Hallucination-Free Guarantee

Critical Feature: Since all returned items come directly from the database, results cannot be hallucinated. Each result includes the full schema_object from the data store.

Results may be less than perfectly relevant
Results may be ranked sub-optimally
But results will never be fabricated

Note: Post-processing (summarize/generate modes) may degrade this guarantee, so test carefully.

Architecture Insights

Customization Points

Prompts - Declaratively specialized for object types (Recipe vs.

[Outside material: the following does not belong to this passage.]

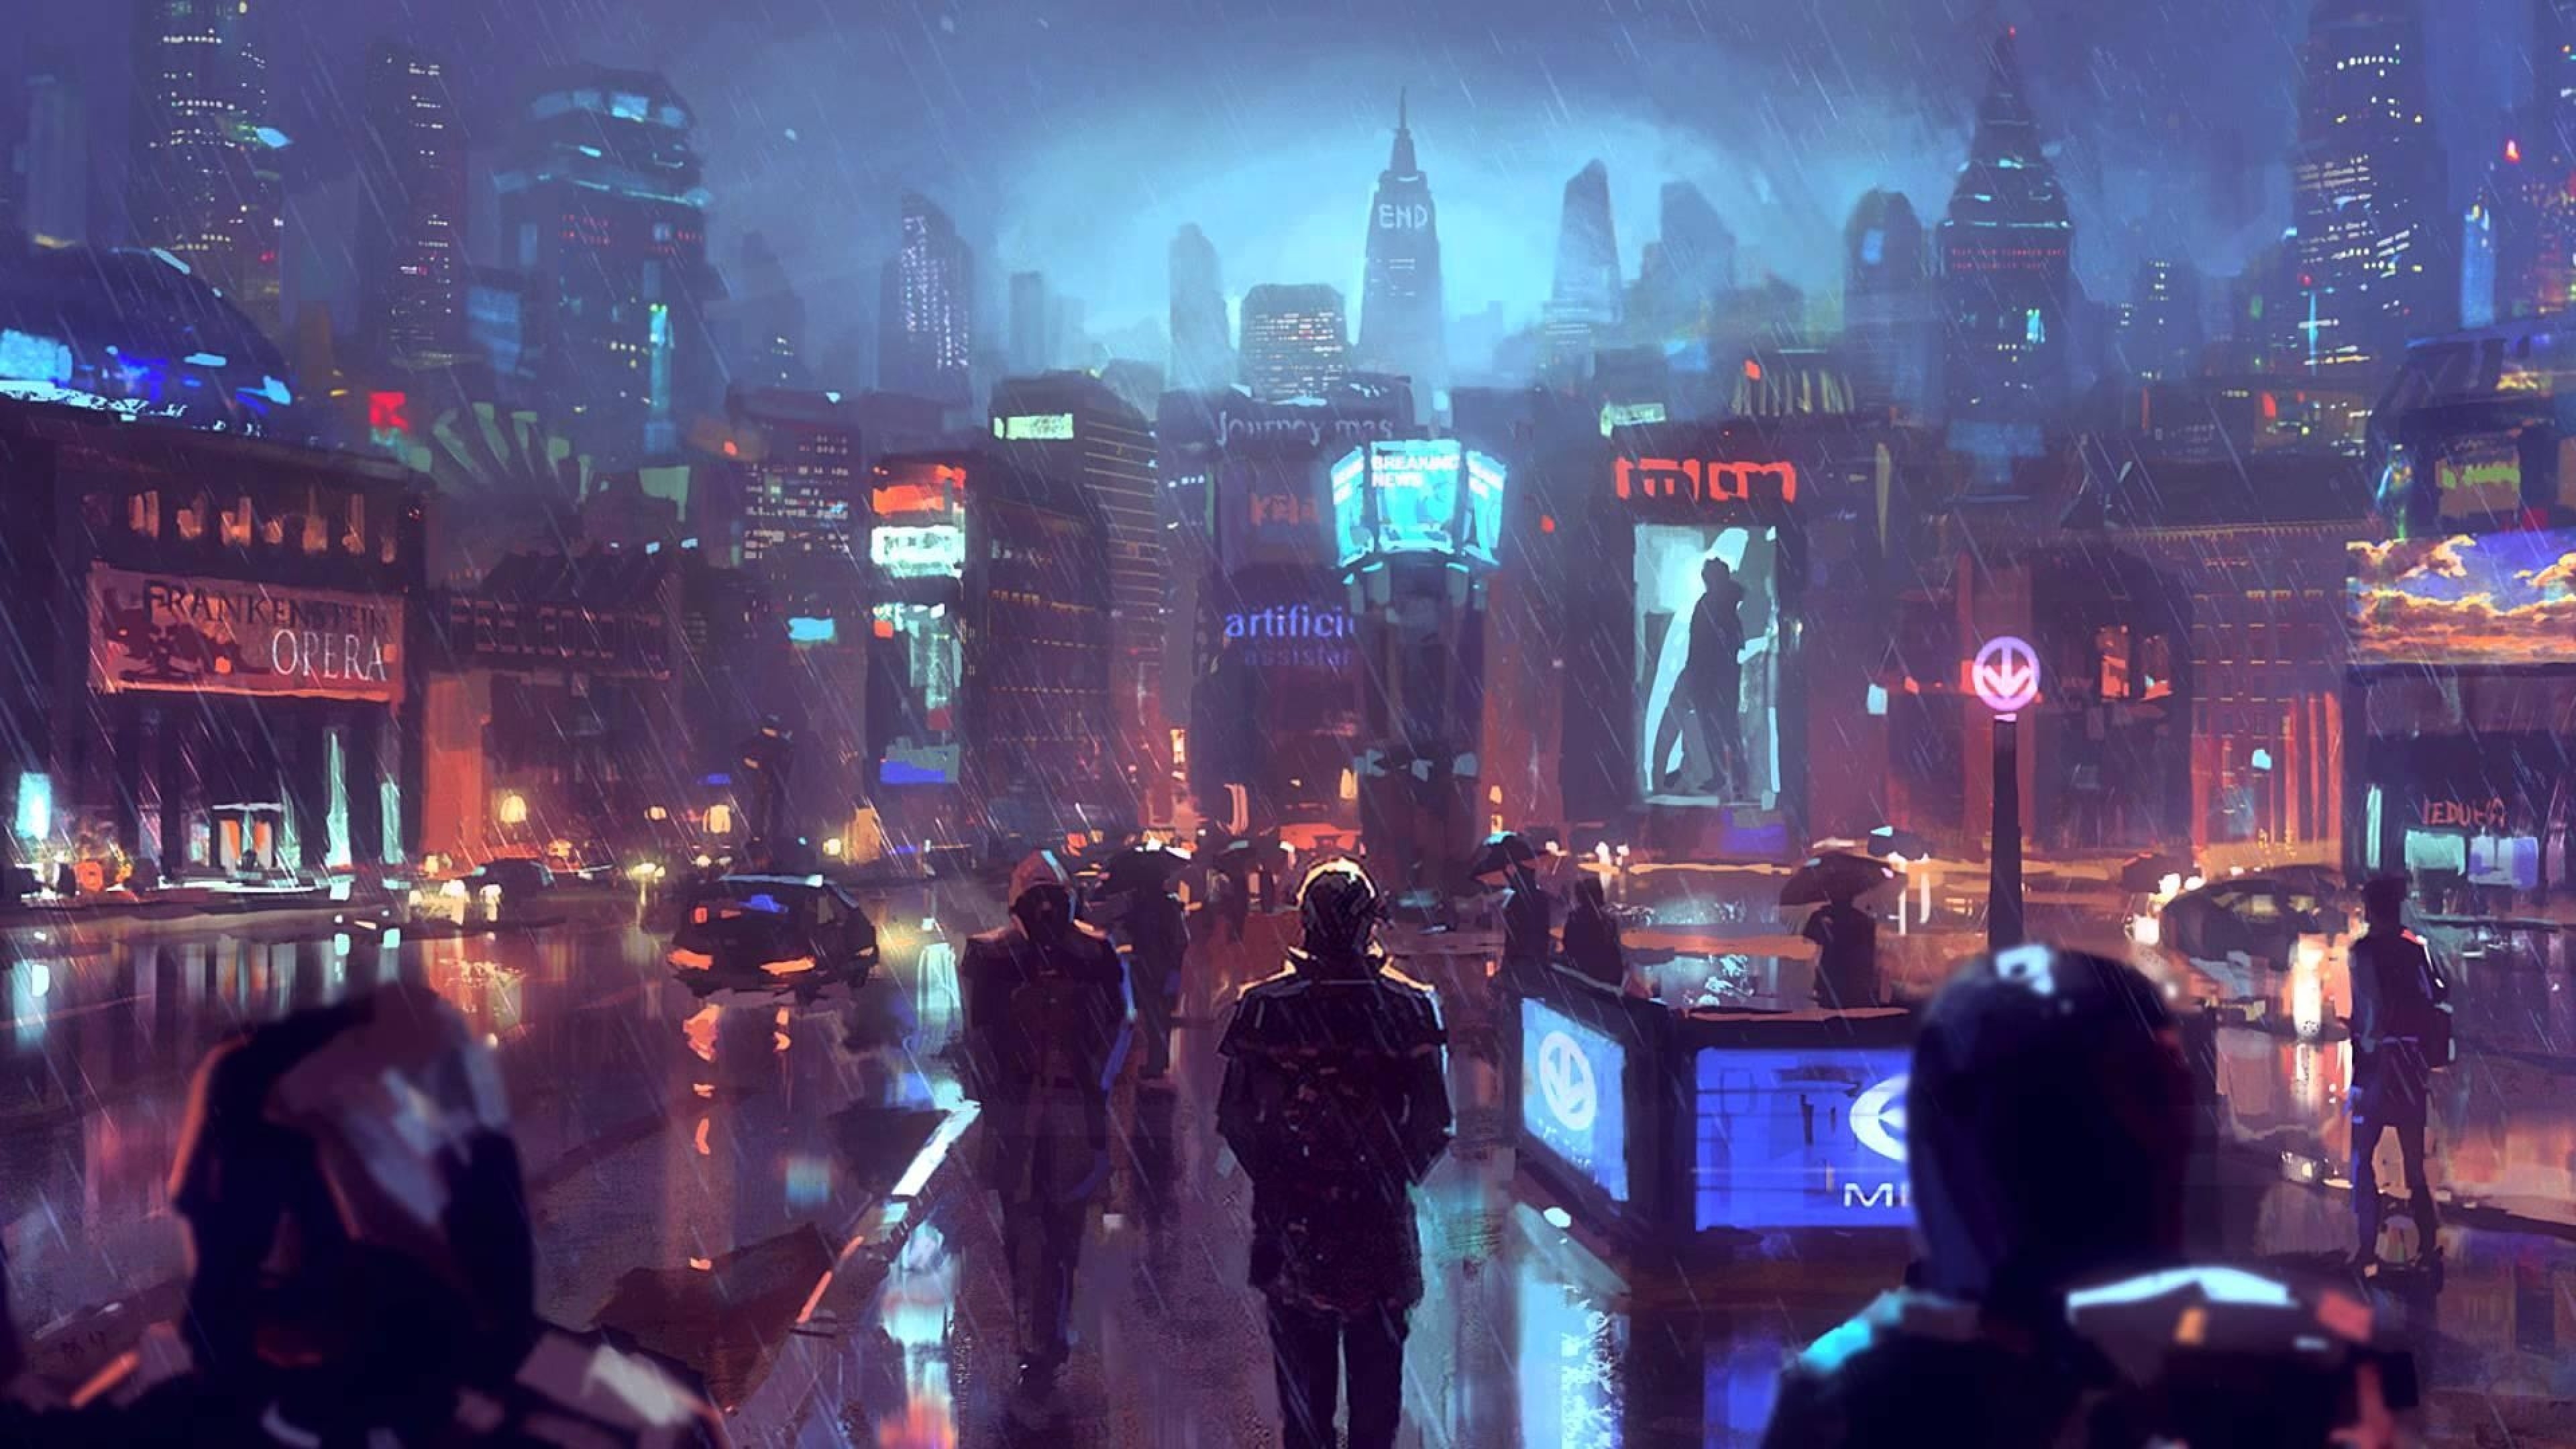 Cyberpunk City, Sci-fi, Raining, People, Skyscrapers - Cyberpunk Hd - HD Wallpaper

Real Estate)
Tools - Domain-specific tools with additional knowledge (e.g., recipe substitutions)
Control Flow - Modify query processing pipeline
User Interface - Replace sample UI with custom design
Memory - Add conversation memory and context retention

Production Considerations

Most production deployments will:

Custom UI - Replace sample interface with branded design
Direct Integration - Integrate NLWeb into application environment
Live Database Connection - Connect to production databases (avoid data freshness issues)
Multi-Model Strategy - Use different LLMs for different tasks (cost optimization)
Caching & Performance - Implement query caching and result optimization

Use Cases

E-Commerce

Natural language product search with filtering:

“Find wireless headphones under $200 with noise cancellation”
“Show me vegan protein powders with chocolate flavor”

Recipe Sites

Dietary restriction handling and meal planning:

“Gluten-free desserts for a birthday party”
“Plan a week of dinners under 500 calories”

Real Estate

Property search with complex criteria:

“3 bedroom homes near good schools under $500k”
“Condos with mountain views and low HOA fees”

Content Discovery

Podcast, blog, and video recommendations:

“Episodes about AI ethics from the last 6 months”
“Articles explaining quantum computing for beginners”

Event Platforms

Smart event discovery and planning:

“Family-friendly events this weekend downtown”
“Networking events for software engineers”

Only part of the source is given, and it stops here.